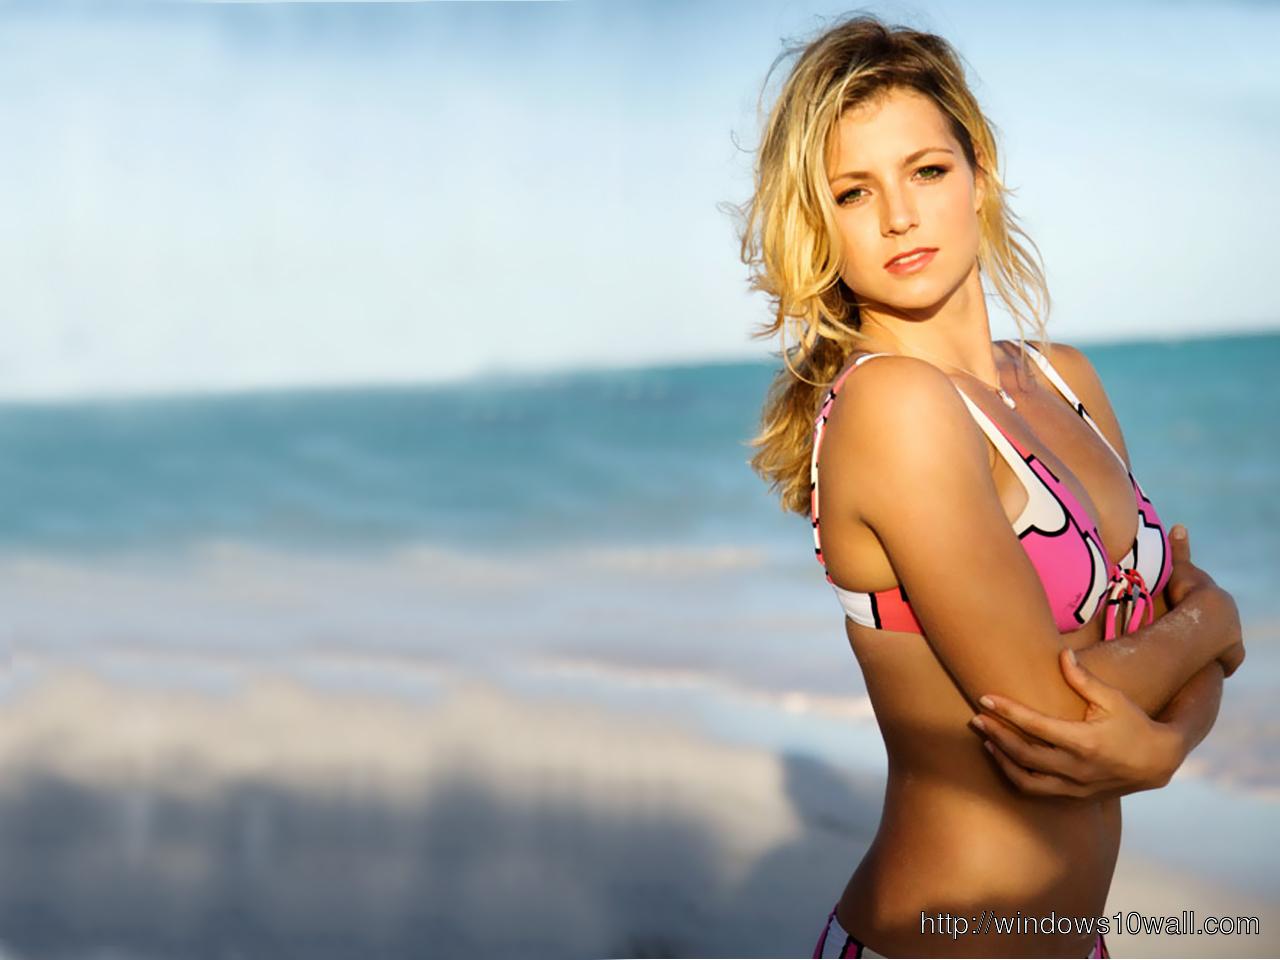 Maria Kirilenko Hot n Sexy Beach Side Wallpaper
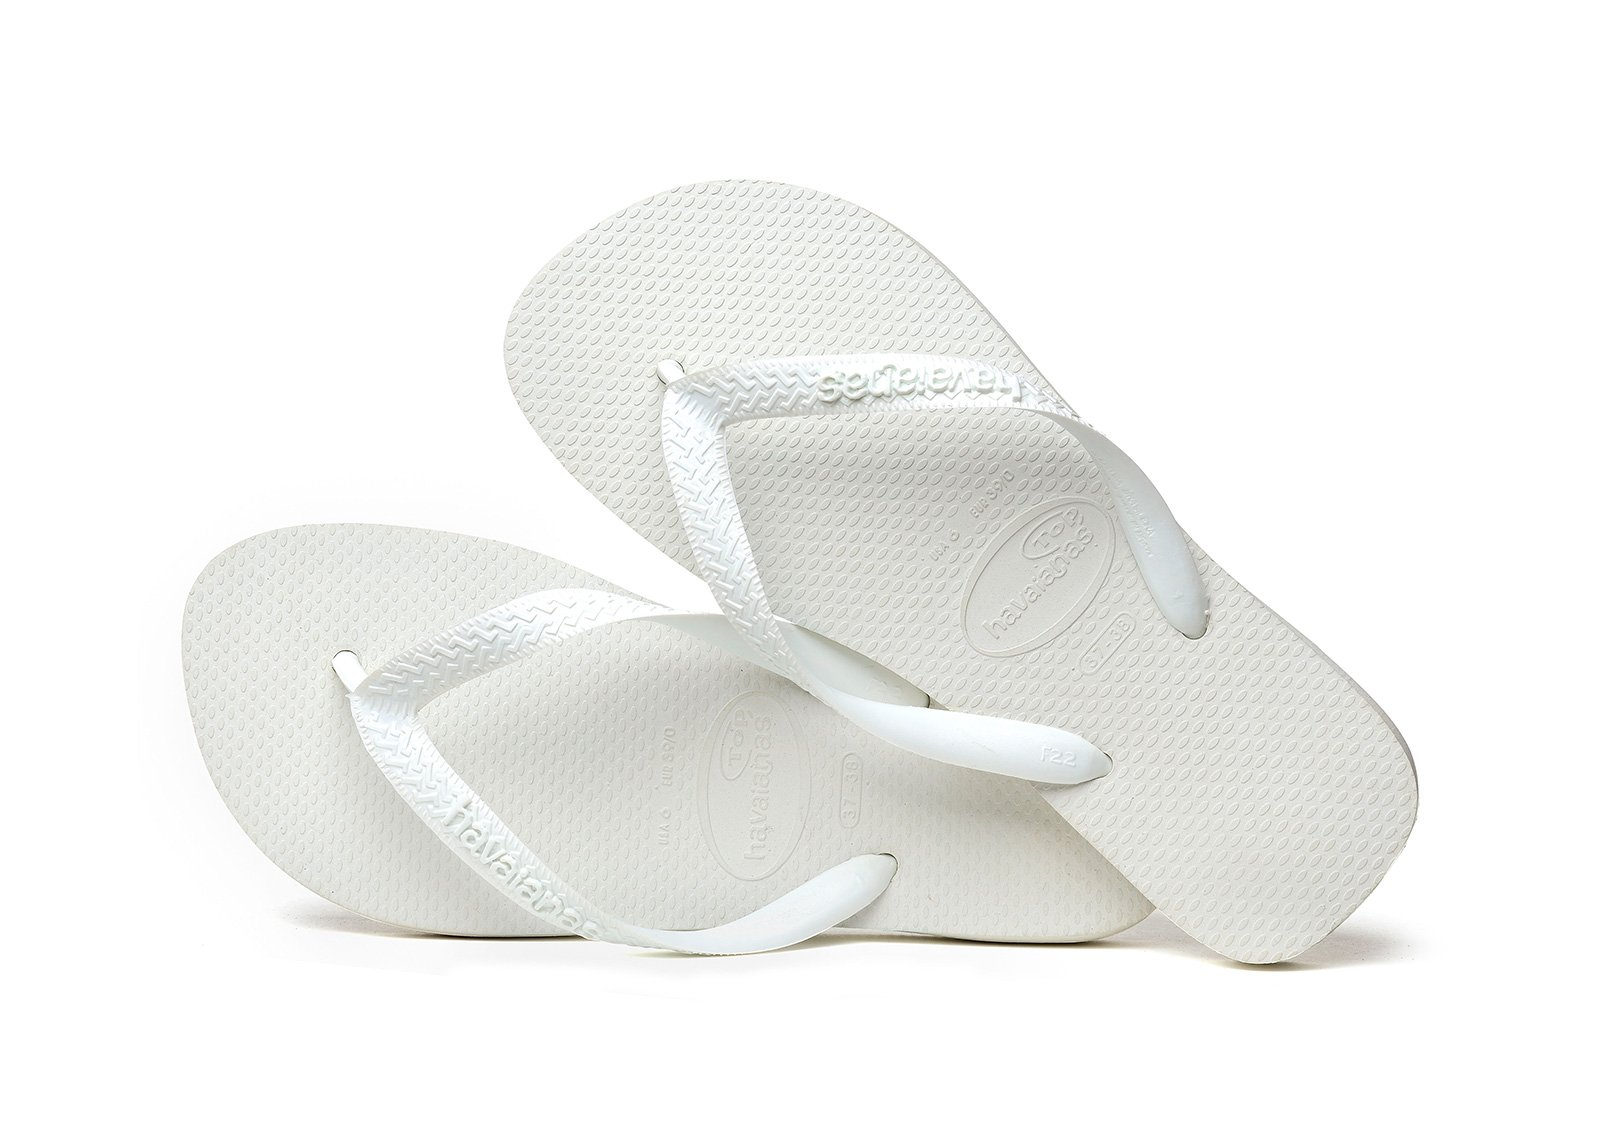 Havaianas Womens Top White Flip Flops
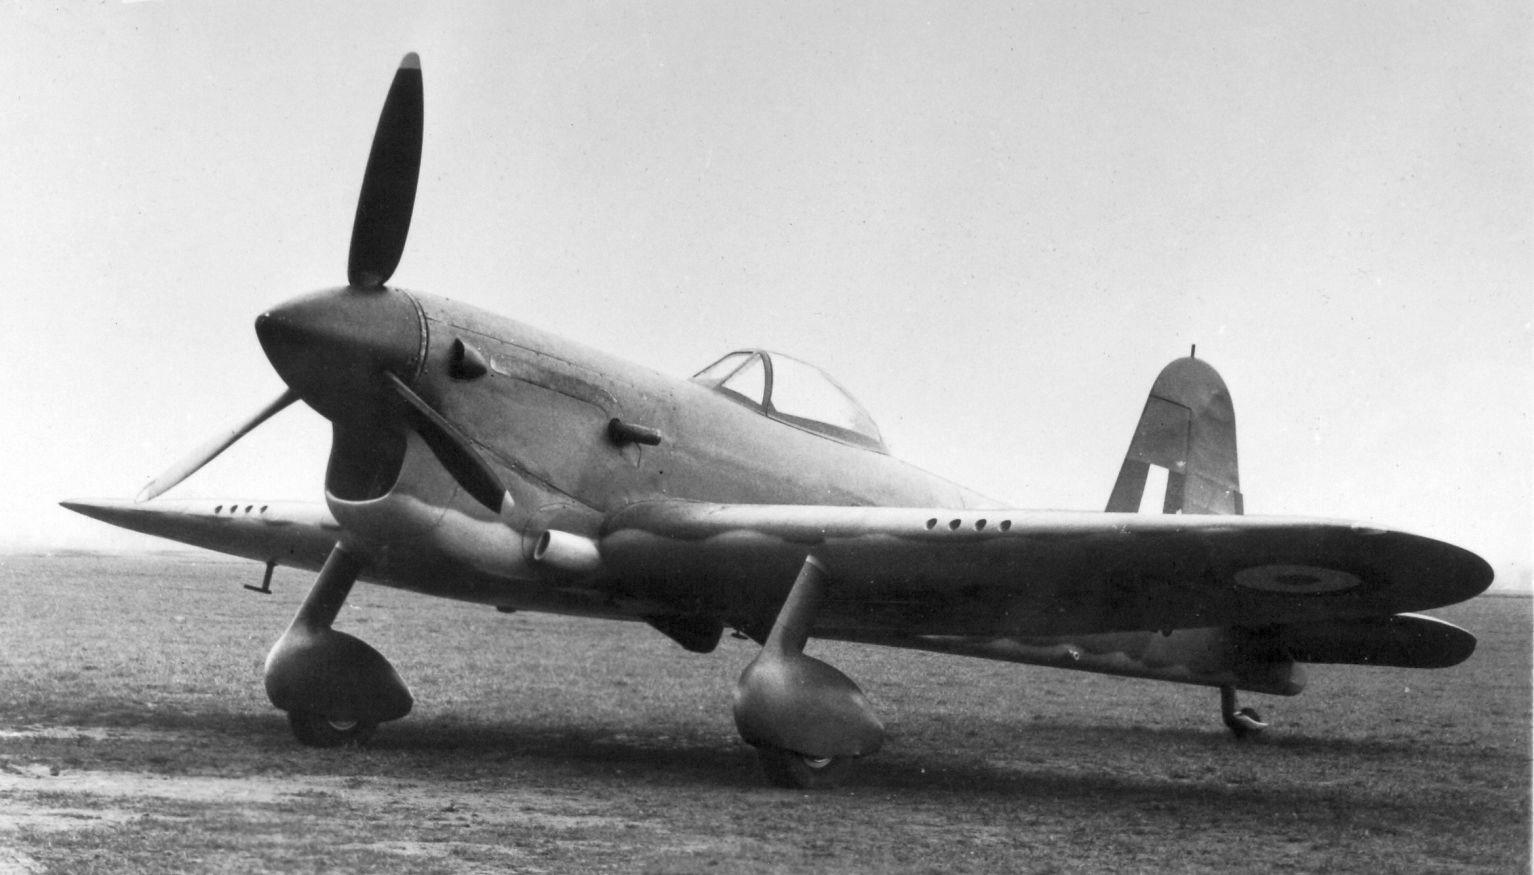 15_miles_m-20_single_seat_fighter_15216625303.jpg
########
» TO DO: Return the lines of the data above in full and exactly, with no pictures.

» YOUR SOLUTION:
 Maria Kirilenko Hot n Sexy Beach Side Wallpaper
 Havaianas Womens Top White Flip Flops
 15_miles_m-20_single_seat_fighter_15216625303.jpg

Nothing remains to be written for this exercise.